- Opening Delimiter -

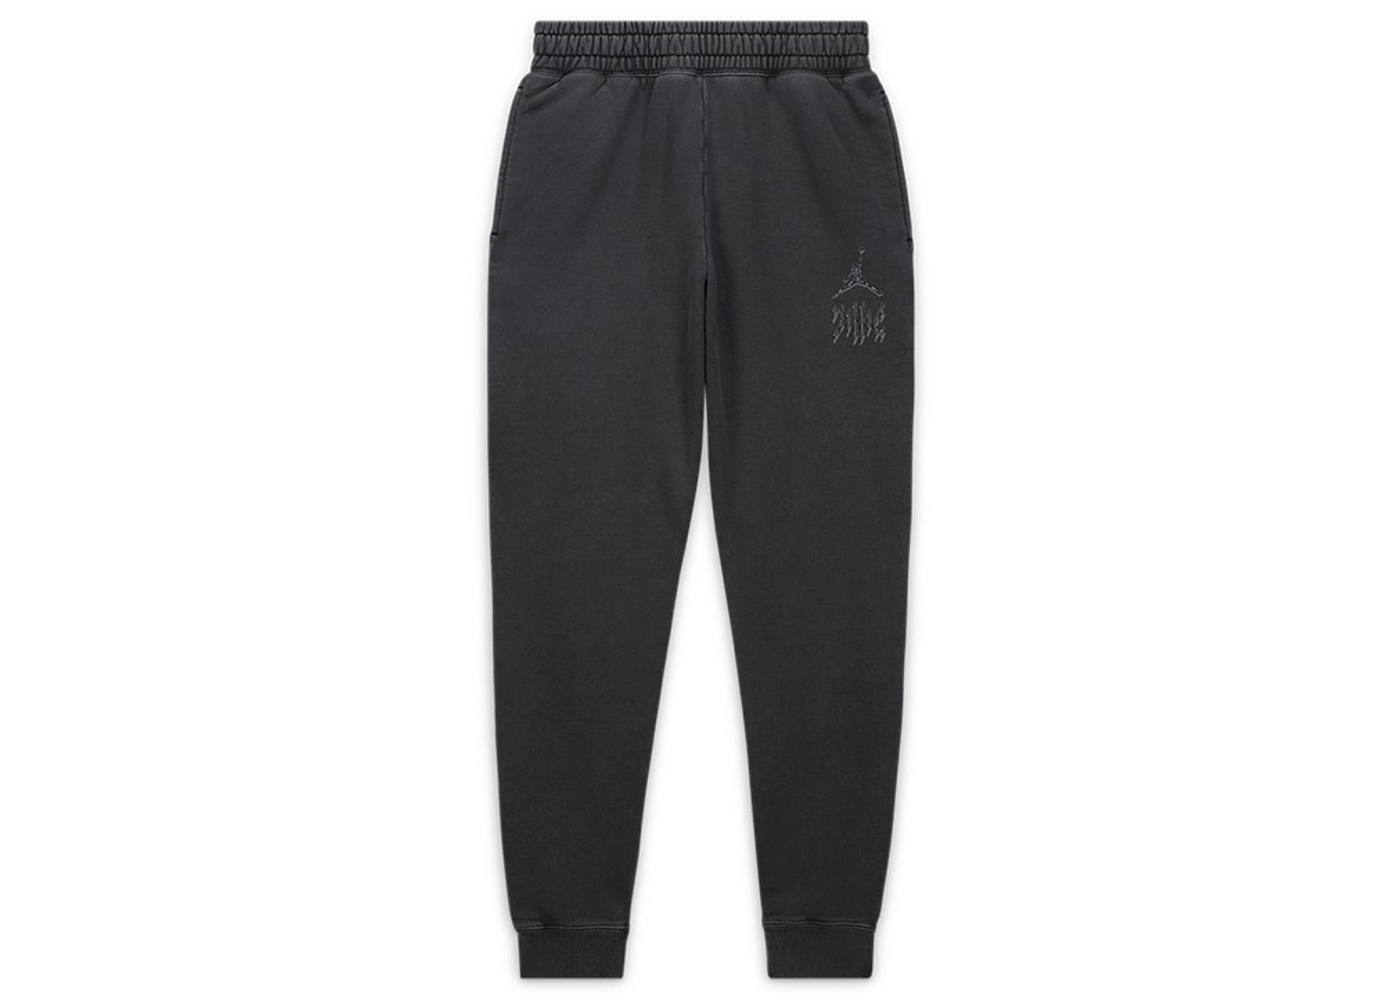 Mens Jordan Pants/Joggers | Jordans for men, Pants joggers, Clothes design
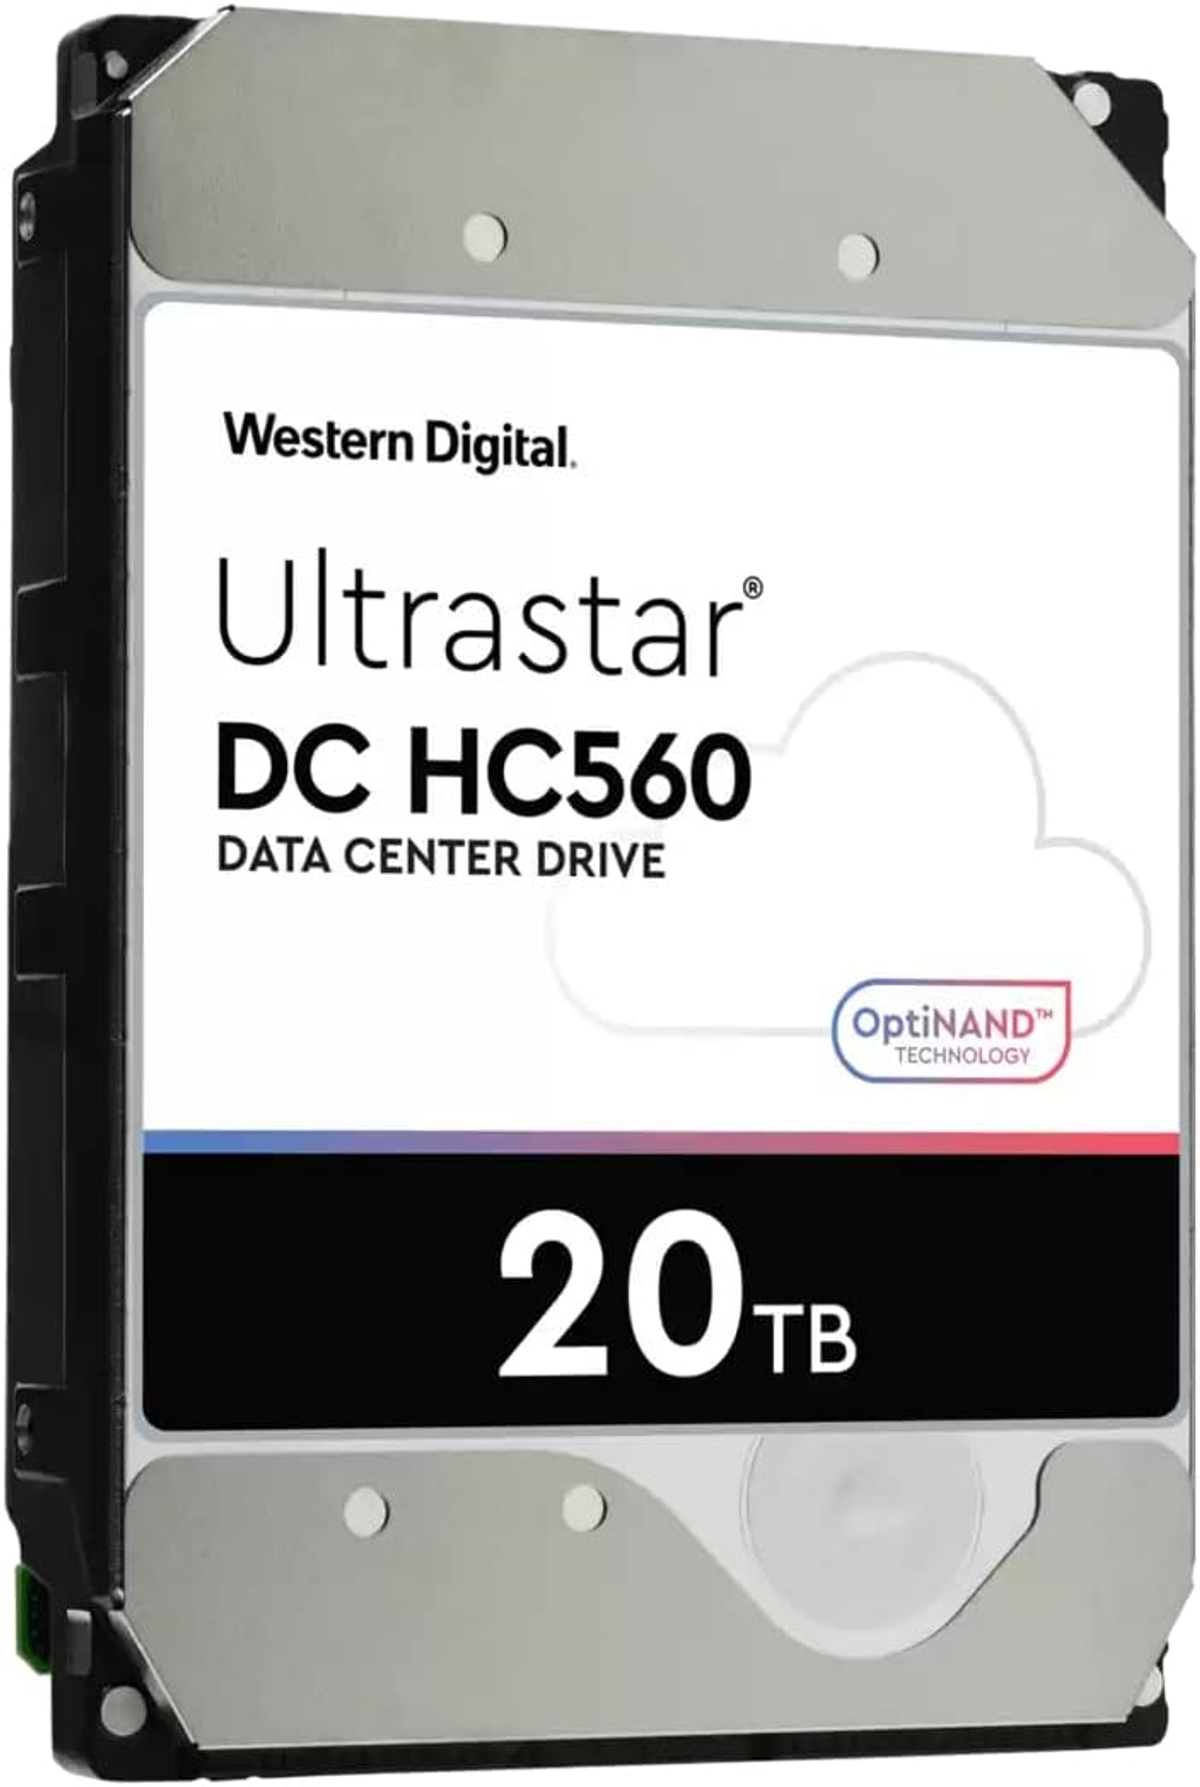 intern Ultrastar 512MB DH 20TB 20 HC560 DIGITAL WESTERN 3,5 HDD, 7200RPM WD TB, Zoll, Ent.,
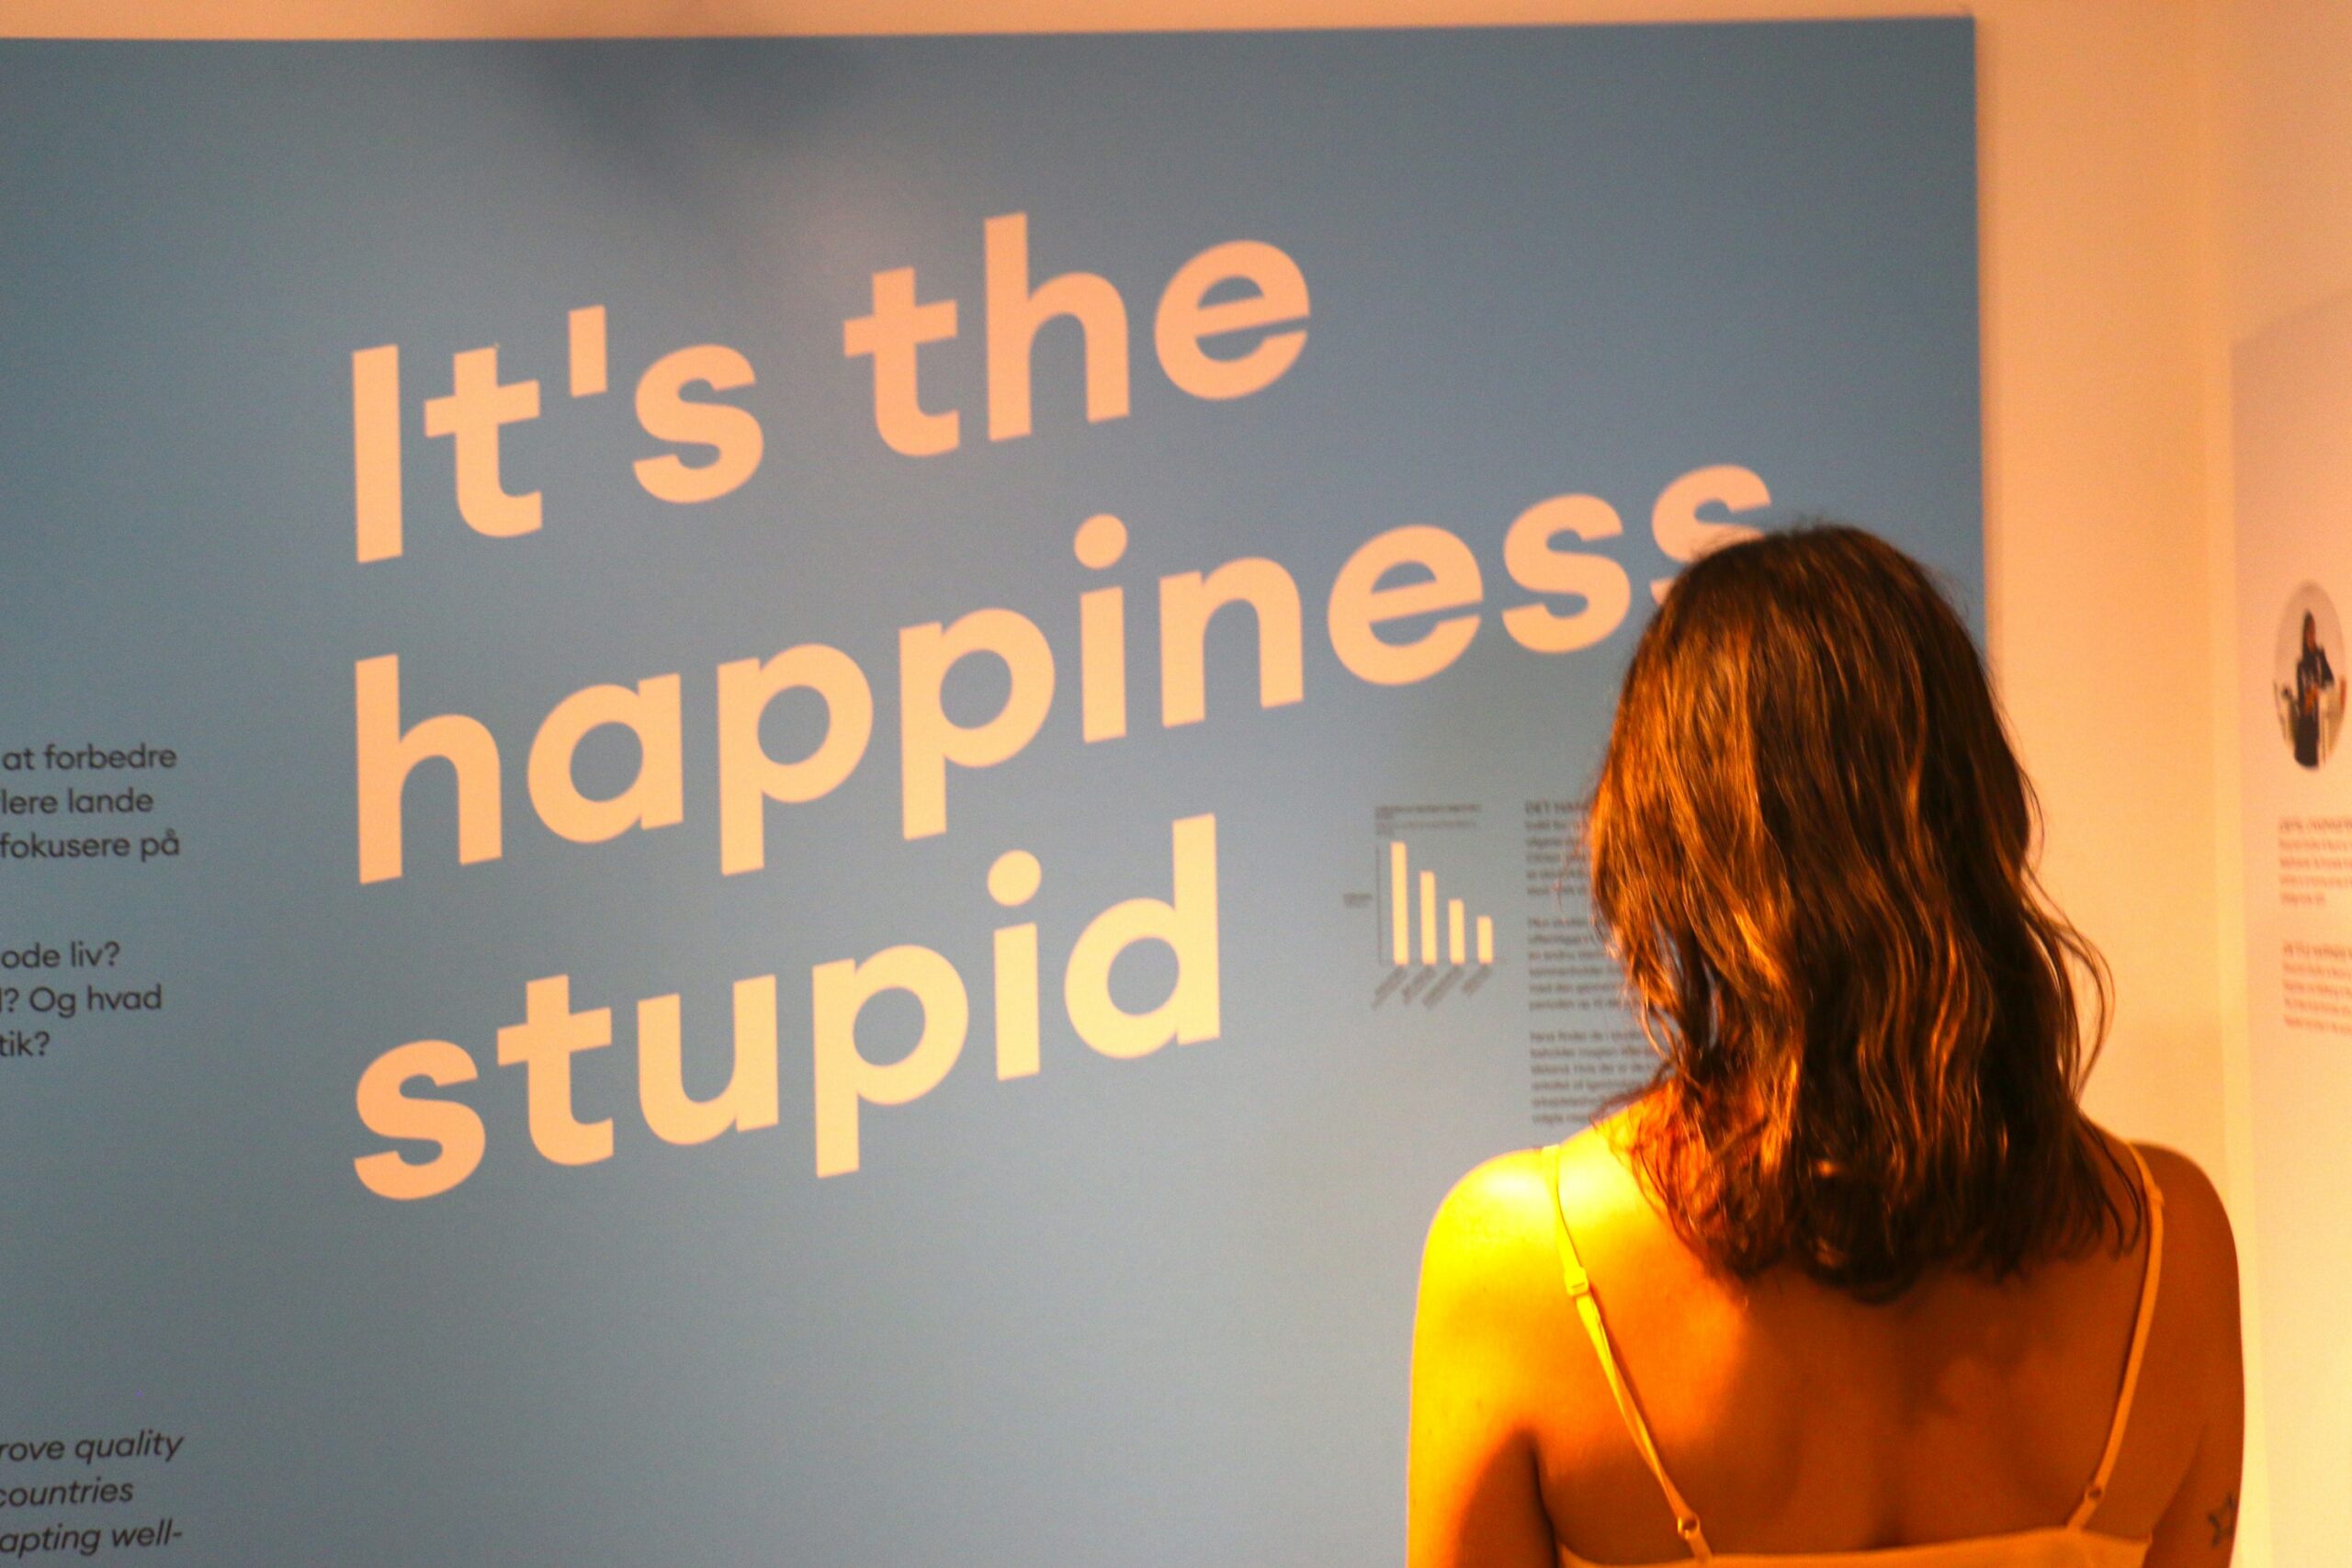 Museum of happiness’ has opened in copenhagen

- Closing Delimiter -

# Instructions to follow:
Word for word, repeat the data above with the pictures left out.

# Result:
 Mens Jordan Pants/Joggers | Jordans for men, Pants joggers, Clothes design
 intern Ultrastar 512MB DH 20TB 20 HC560 DIGITAL WESTERN 3,5 HDD, 7200RPM WD TB, Zoll, Ent.,
 Museum of happiness’ has opened in copenhagen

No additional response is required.